= Beginning of Section =

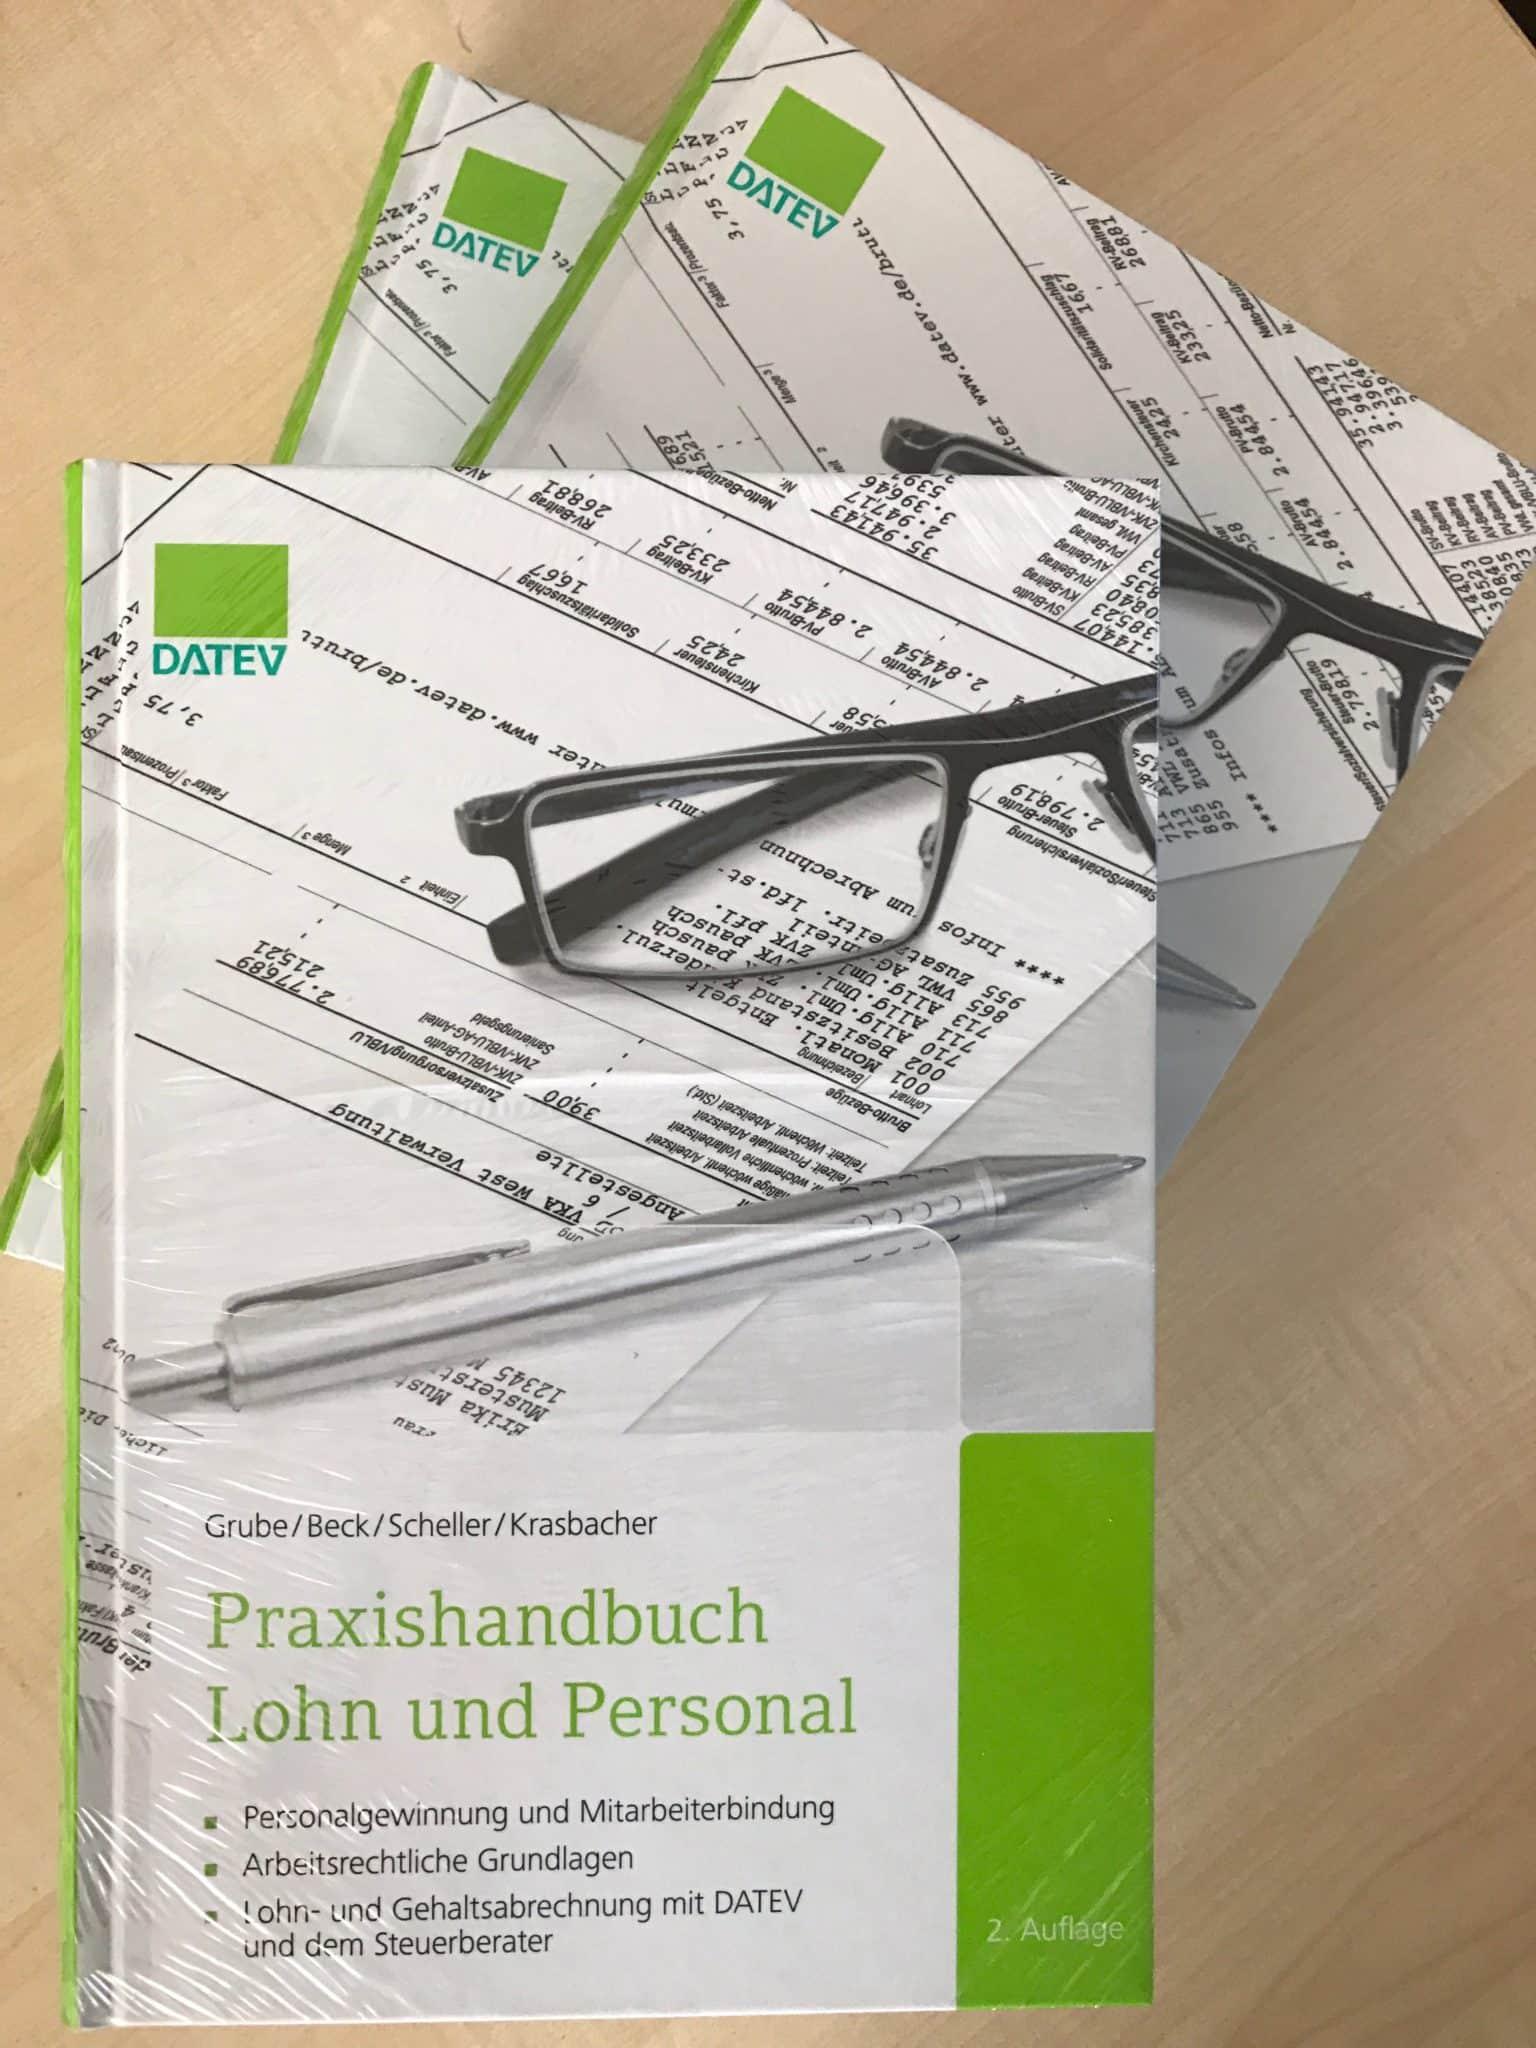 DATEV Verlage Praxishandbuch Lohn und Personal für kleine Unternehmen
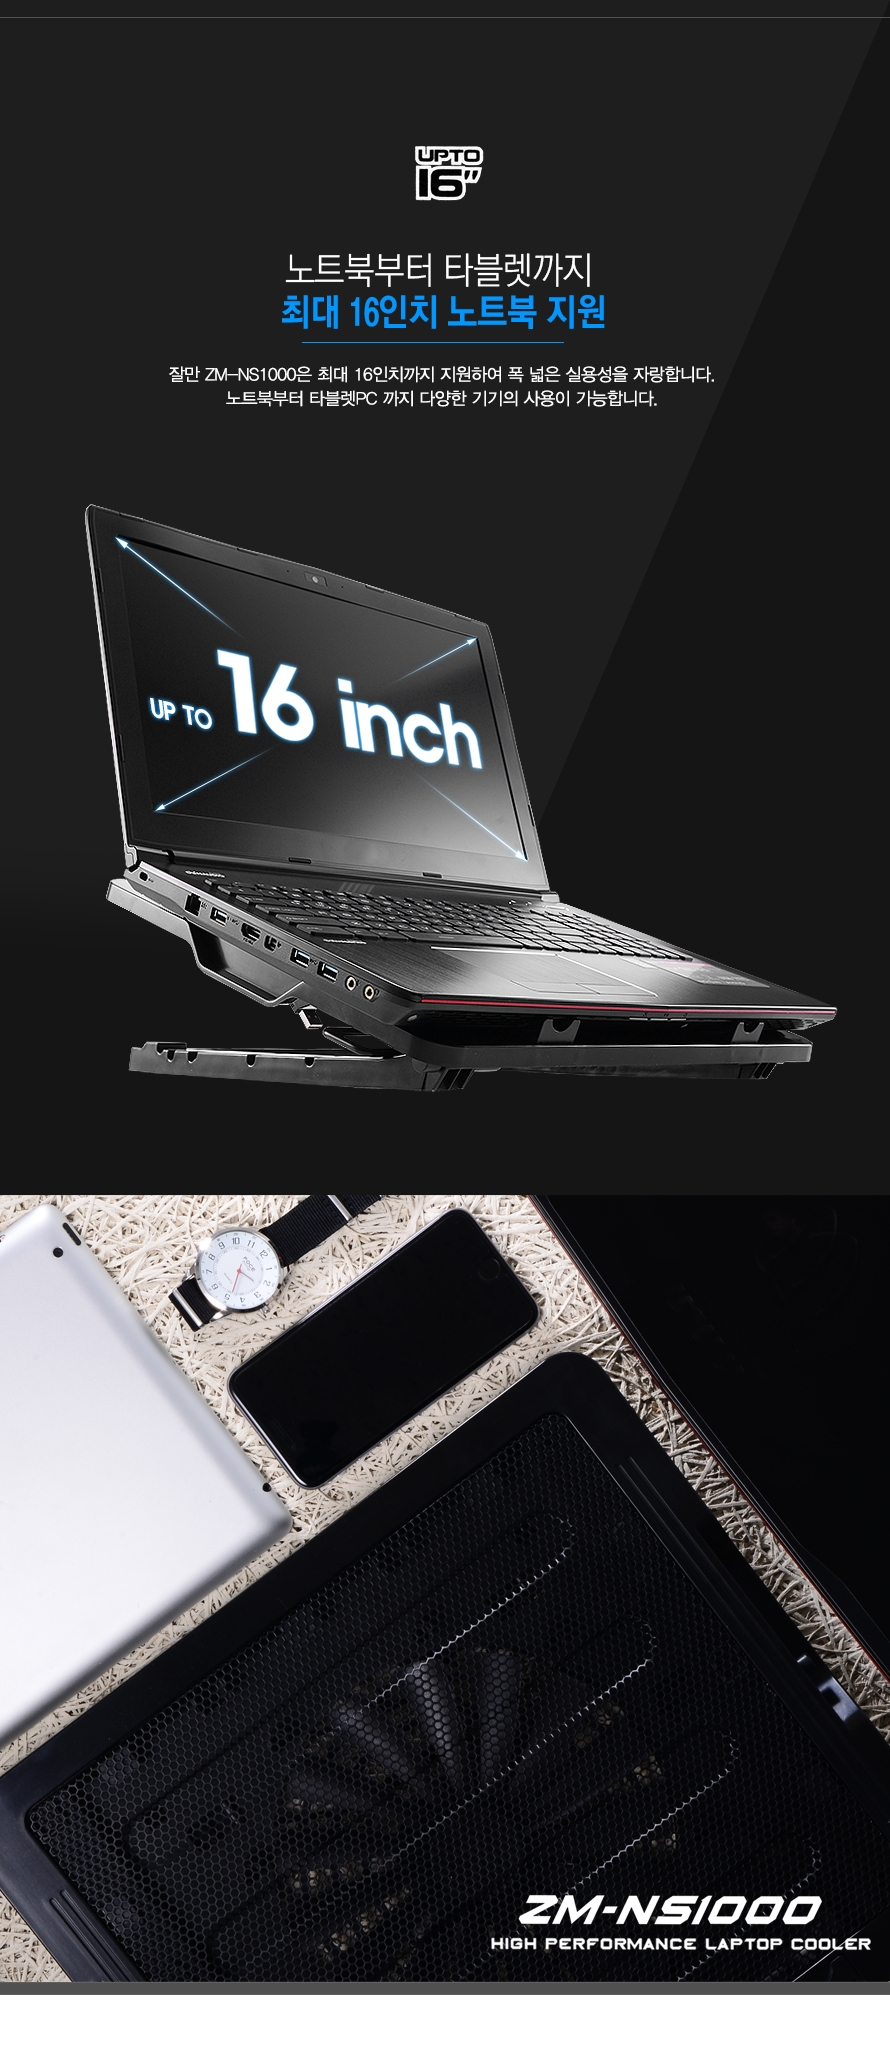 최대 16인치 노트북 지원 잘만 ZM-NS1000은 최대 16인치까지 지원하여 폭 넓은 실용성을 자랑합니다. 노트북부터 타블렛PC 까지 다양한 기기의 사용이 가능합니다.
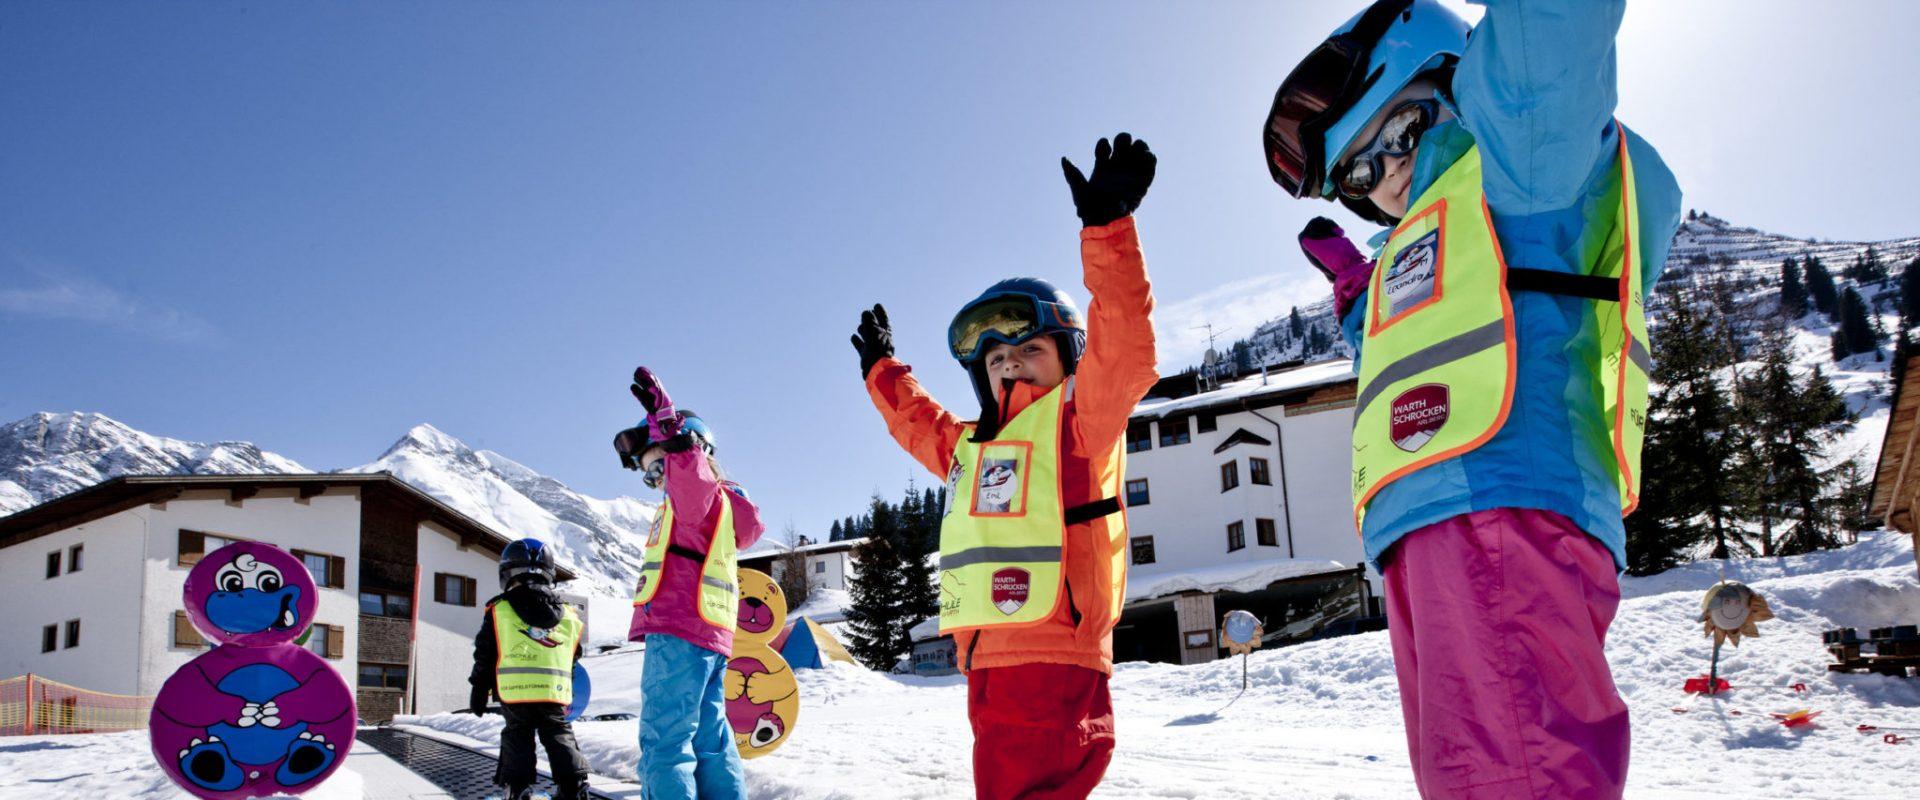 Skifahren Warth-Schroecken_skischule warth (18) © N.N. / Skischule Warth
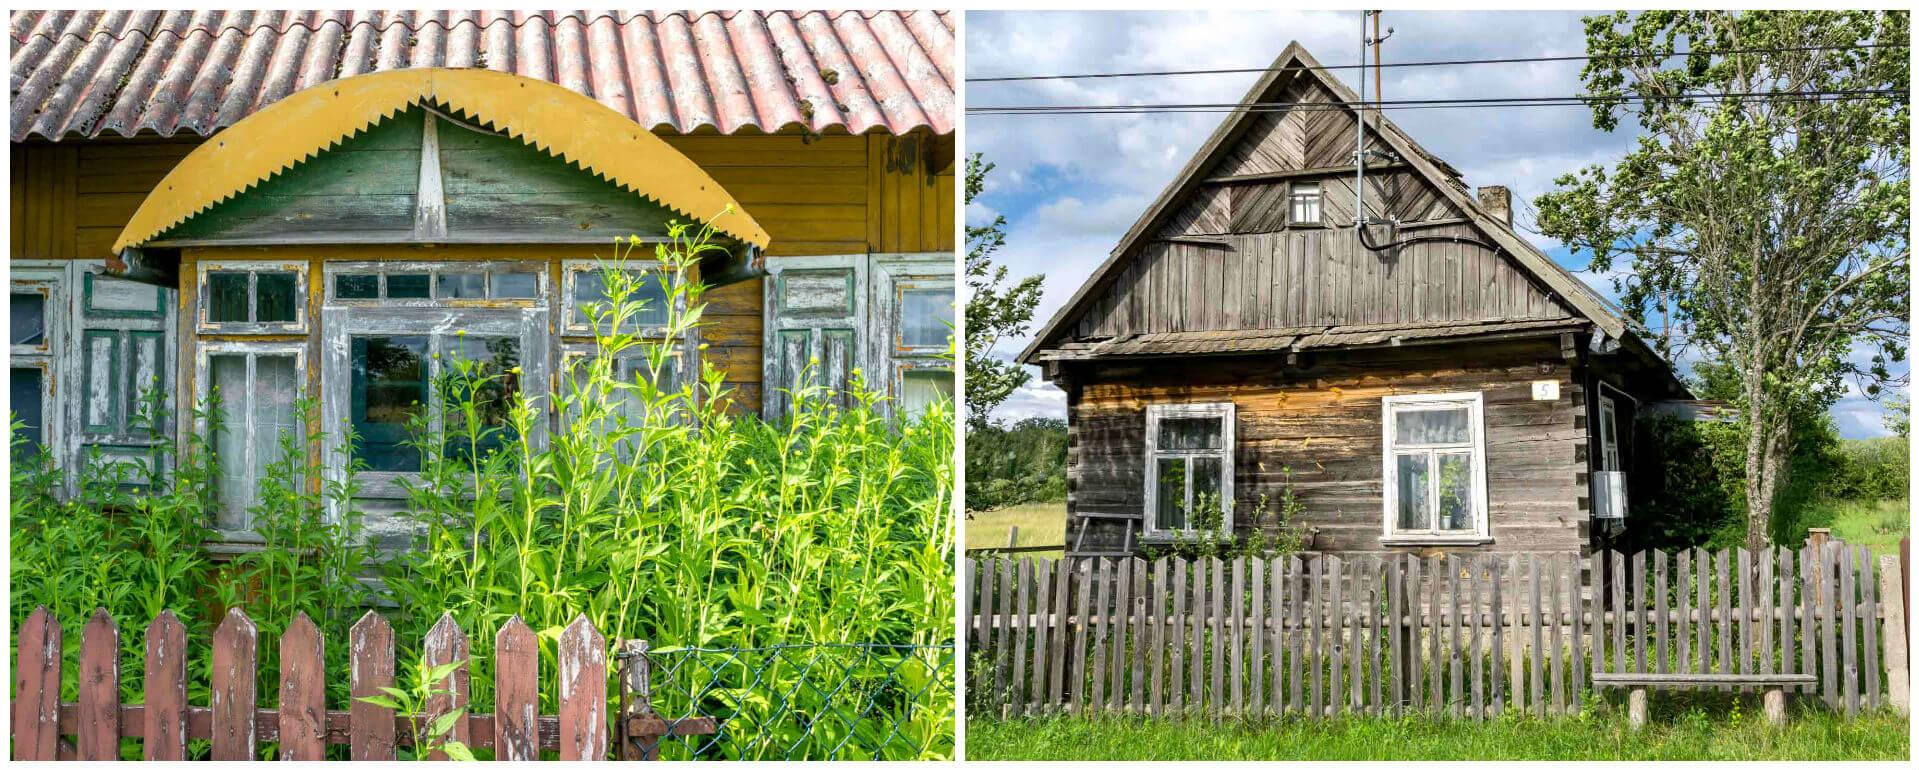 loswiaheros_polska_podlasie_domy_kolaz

= End of Section =

Reproduce, exactly and with no pictures, the lines from the line containing "Skifahren Warth-Schroecken_skischule warth" through the closing line of the data above, keeping both ends.

→ Written response
 Skifahren Warth-Schroecken_skischule warth (18) © N.N. / Skischule Warth
 loswiaheros_polska_podlasie_domy_kolaz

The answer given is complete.